Конечно, очередной директор не обязан отвечать за истощившиеся ресурсы и расточительную безалаберность предшественников. А его Зам, оставшийся на фактически тонущем корабле, автоматически превращается в мальчика для битья. Но вот он никуда не сбежит. Наверняка СНБ отслеживает все действия, разговоры и перемещения.
Жаль беднягу. Но шоу должно продолжаться, даже если актёрам больше нечего сказать.
Здесь почти как у классика, два основных вопроса: «Что делать?» и «Кто виноват?» Но актуальней – второй…
Домой «ведущий специалист» ехал куда свободней: пятница. Народ заканчивал в разные часы, и в поездах попадались и свободные места. Он сел.
Мимо опять пробирались профессиональные побирушки и нищие. Он в сотый раз выслушал историю о том, что «мама лежит в больнице, нужны лекарства, а папа нас бросил маленьких», а затем версию почти о том же – на мерзиянском, которую, словно заученный урок оттарабанила тёмно-коричневая от загара девочка лет десяти с ребёнком на руках – явно Баджикская цыганка.
Когда сменяющиеся пары и одиночки, одетые иногда лучше некоторых пассажиров, и входящие и выходящие буквально друг за другом, закончились, Леонид прикрыл глаза.
Не то, чтобы администрация метро и лилиция совсем не боролись с этими паразитами.
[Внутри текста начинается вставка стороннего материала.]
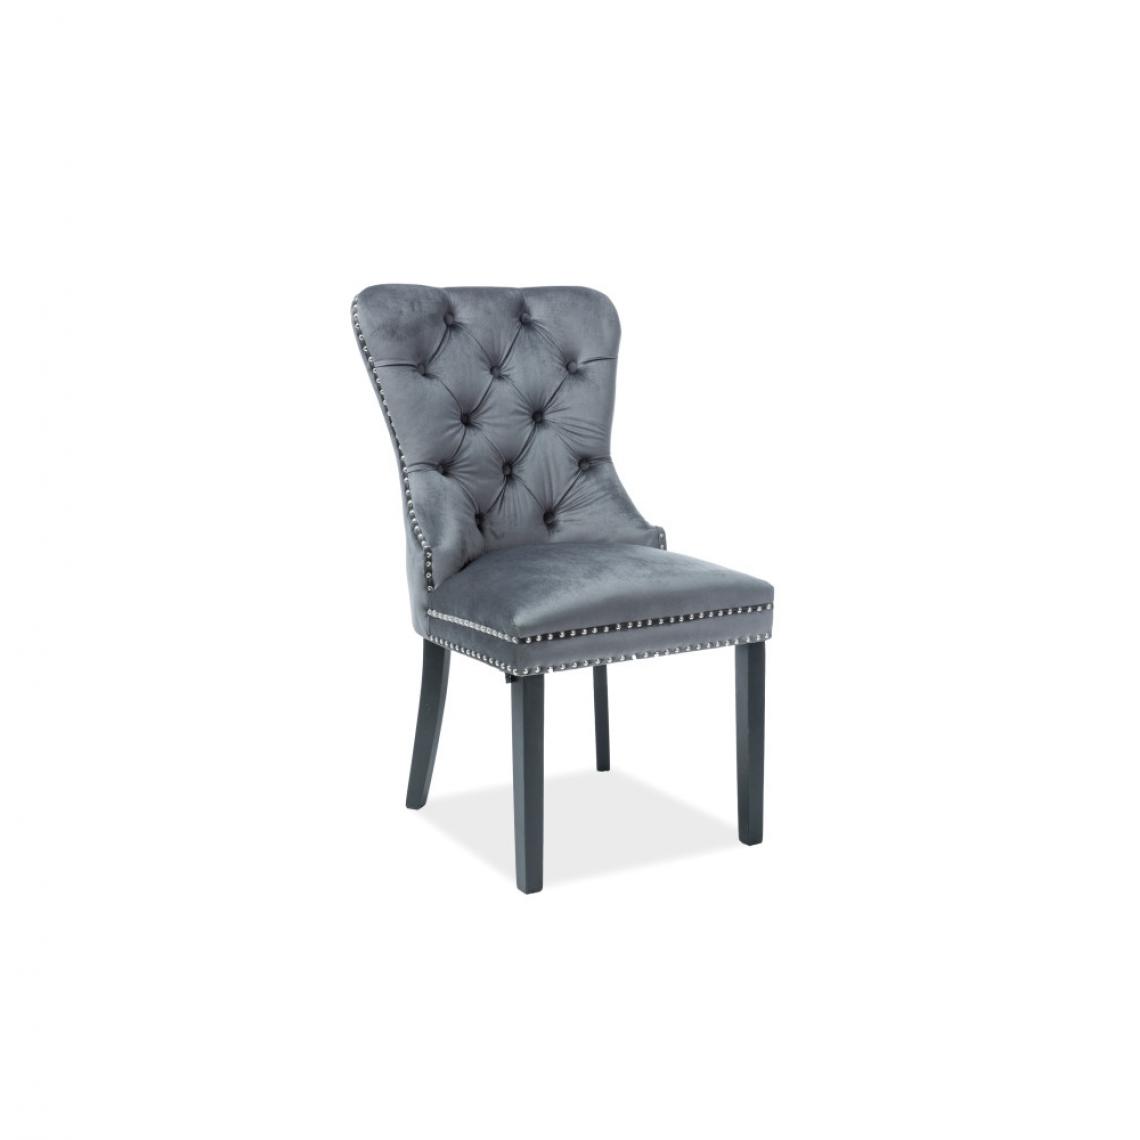 Ac-Deco - Chaise en velours - August - L 56 cm x H 98 cm - Gris - Chaises

Нет, в обычные дни они просто взимали с них дань в виде процента милостыни… Основной негласный Закон Мерзинии: всё должно приносить выгоду!.. Особенно Чиновникам, для того и поставленным на начальственные места-кормушки.
Но,
Играть в игры на мобильнике-айпаде, читать, или слушать музыку, как делали в вагонах подземки необстрелянные (или чересчур самоуверенные) молодые, Леонида отучили.
Погода оказалась отличной – он и забыл, что на дворе лето. Тепло, птички, зелень… Благодать. Впечатление портит неистребимый запах пыли, гниющих овощей-фруктов из огромных помоек, да выхлопных газов.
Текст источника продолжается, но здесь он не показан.